Collazo has also hosted an eco-friendly donation drive for Lotus House.
“We make an Amazon Wish List,” she says. “We look for items like bamboo towels that are eco-friendly. We look for the label Climate Pledge Friendly.”
The items are sent directly to Lotus House. She promoted the fundraiser on Instagram and will include Palmetto’s Key Club once club activities get going. She is the Key Club assistant webmaster.
She became aware of environmental concerns because her biology teacher talked about them often. Since then, she’s not only started the non-profit, she’s also become a CLEO Climate Action Lab Leader and a Certified Climate Speaker for the Climate Leadership Information Program (CLIP), and took an environmental, dual-enrollment class in the summer at Miami-Dade.
At school, Collazo is a member of the Biology Club, the Italian National Honors Society, Amnesty International, Psi Alpha Honor Society (psychology club), Interact Club, the National Art Honors Society, the Palmetto Women’s Union, the Science National Honors Society, and the Palmetto Animal Welfare Society – PAWS.
For fun, Collazo paints, using oil or acrylic on canvas. She took Advanced Placement Art History last year and loved the class. She also watches Bob Ross painting videos.

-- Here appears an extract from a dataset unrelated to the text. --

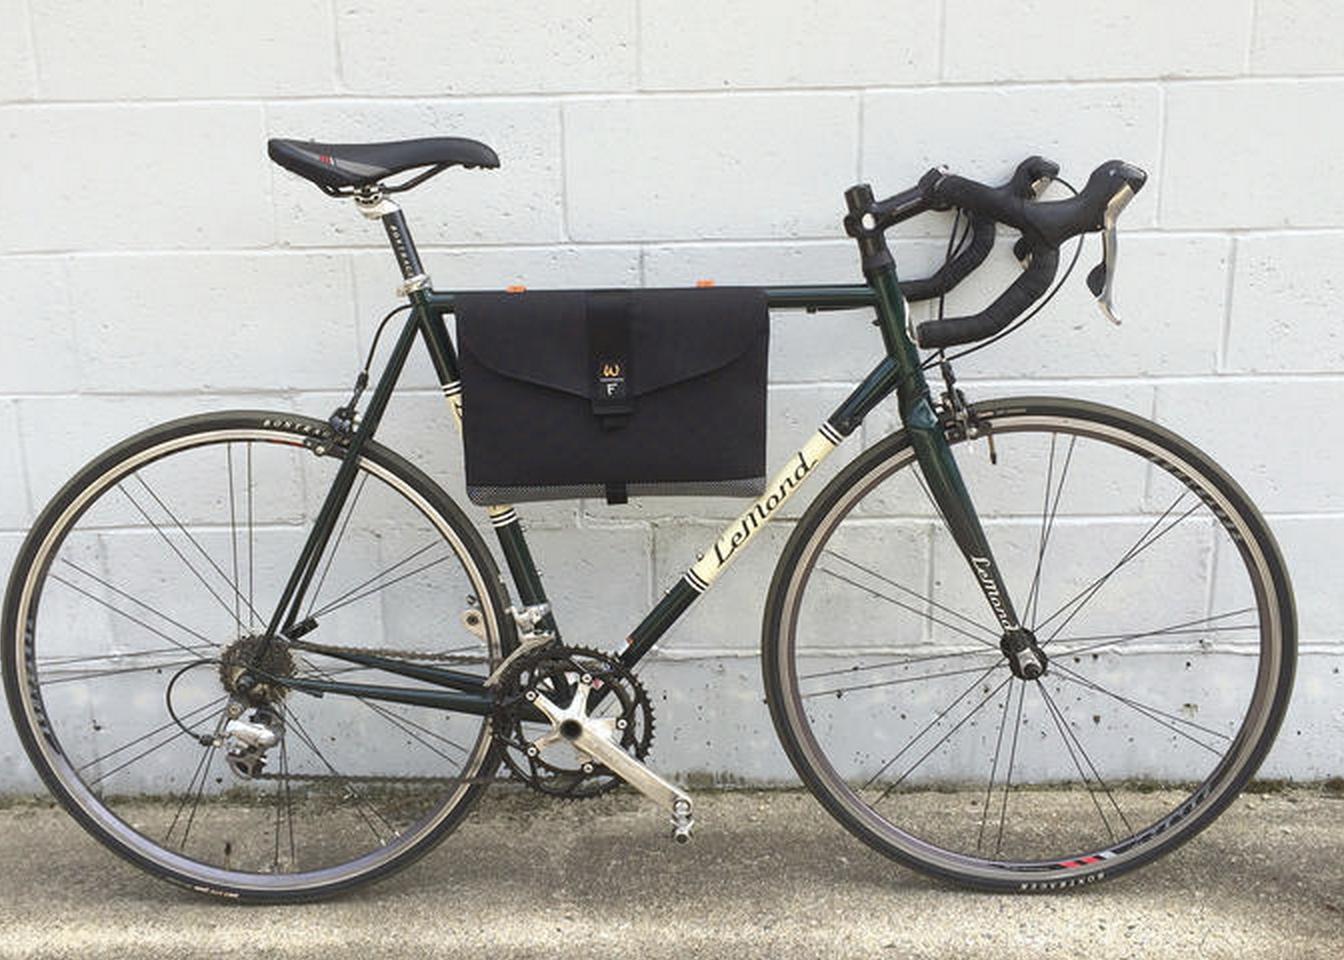 custom frame bag for laptops httpwwwbikeforumsnetcommuting

Collazo is thinking of majoring in Environmental and Interior Design or pursuing psychiatry.
“I am passionate about the environment and art, so I think Environmental and Interior Design could really fit into those two interests of mine,” she says. “But I’m also very interested in researching how psychedelics affect the mind which fits into psychiatry.”
Collazo is participating in Posse and is a semi-finalist. The schools from Posse she’s interested in are Syracuse University, Pomona College, and Franklin & Marshall College.
Apart from Posse, Collazo’s interested in applying to Tufts University, the University of Miami, the University of South Florida, and the University of Florida.